While Malveaux enjoyed her time in the litigation trenches, she appreciates having the time to be more thoughtful as a professor and scholar.
“I can give more consideration to the theoretical and historical issues that are behind the legal issues. There is an intellectual satisfaction that you get as an academic.” Her students also appreciate her real-world experience and expertise. Going forward, Malveaux is eager to continue to lean into her research and writing, especially as it pertains to procedural protection in the civil court system.
Carrying It Forward
“Our democracy is being attacked on so many different levels, now is the time [for this work].” Malveaux shared. “We need people to be writing and voicing a different approach. And a civil way of having this kind of discourse is extremely important.”

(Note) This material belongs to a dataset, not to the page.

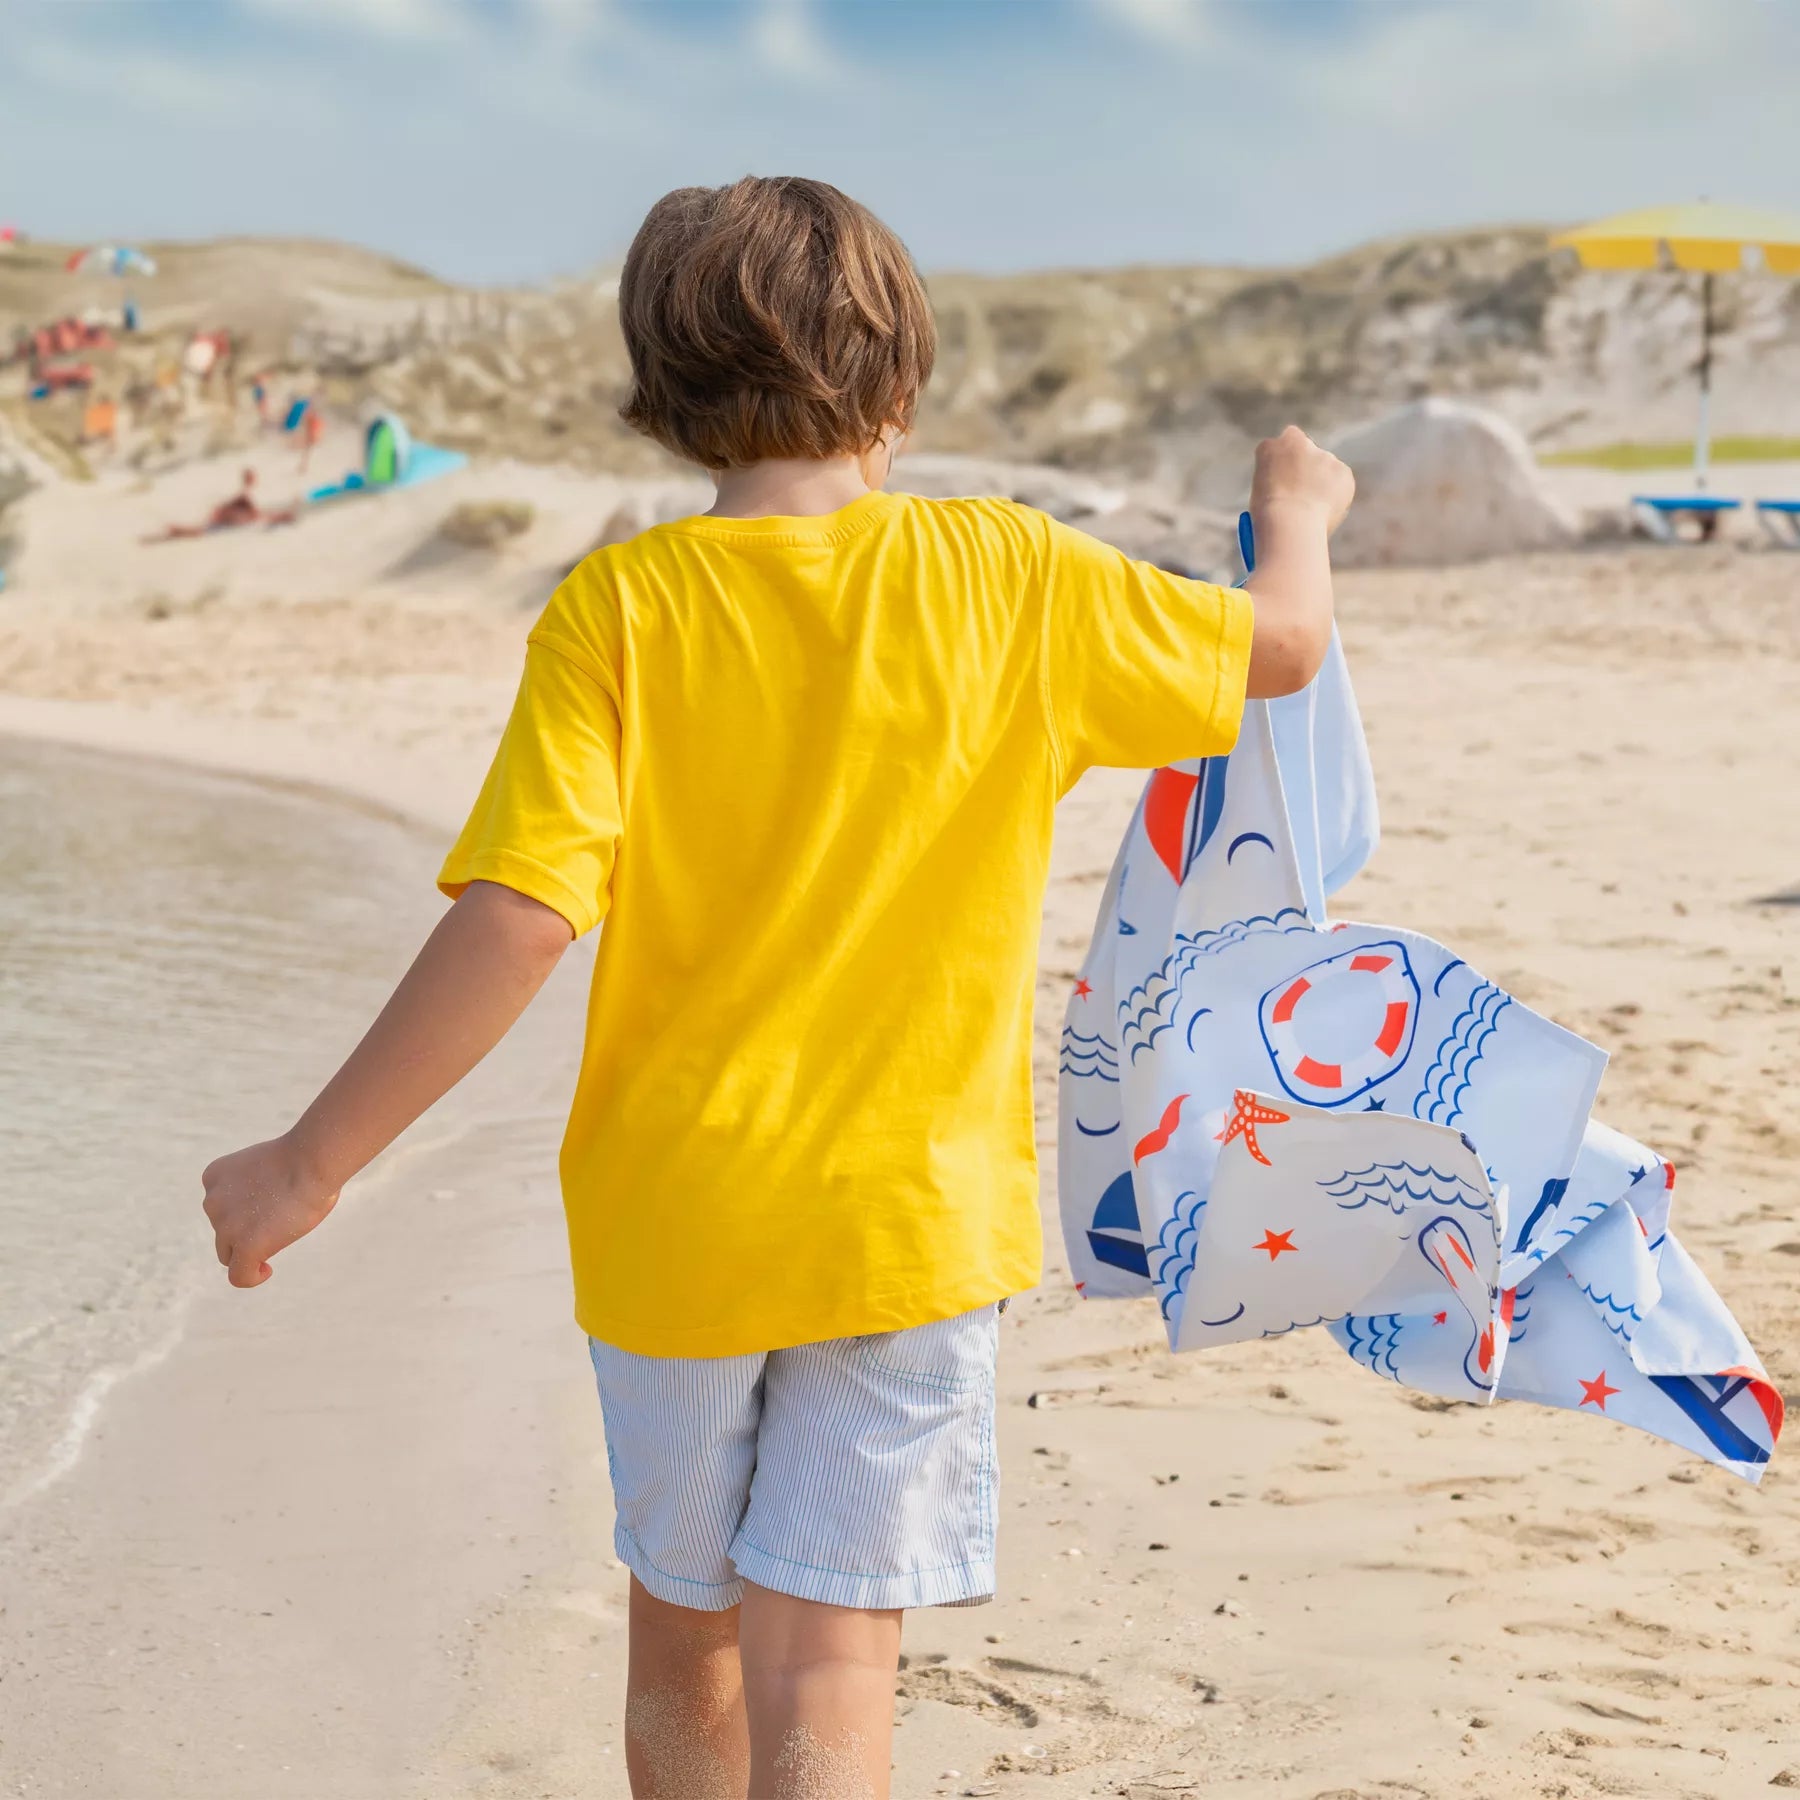 A boy holding a Quick Dry, Sand Free, Light Weight, Compact and Ecofriendly Microfiber Beach Towel from La Toalla designed for kids

Through it all, Malveaux's parents and their legacy still act as her anchor. Malveaux cites her grandmother, who grew up in segregated Louisiana, as one of her role models.
“She was ahead of her time,” Malveaux remarks of her grandmother, Inez Malveaux.
As the eldest of five children, she was expected to work the farm and take care of her younger siblings rather than finish high school. She advocated for a different path and ultimately graduated from a historically Black college and went on to become a math and science teacher.
“A Black woman who wanted to do these things back then when that was not really the plan for her is incredibly inspiring. She was very strong willed.” Malveaux jokes that her similar temperament earned her the nickname “Little Inez” growing up.
On a much broader scale, though, Malveaux shared that her inspiration comes from the entire collective of those who worked to fight slavery, segregation and discrimination over time. Their resilience and example has inspired her throughout her career as a lawyer, professor and scholar. “I'm so proud to be part of that legacy, and I feel this tremendous obligation and honor to carry that forward.”
Congratulations again, Professor Malveaux, on this well-deserved recognition. We look forward to the next chapter in your story, and the continued impact your legal scholarship and teaching will have on the field in the years to come.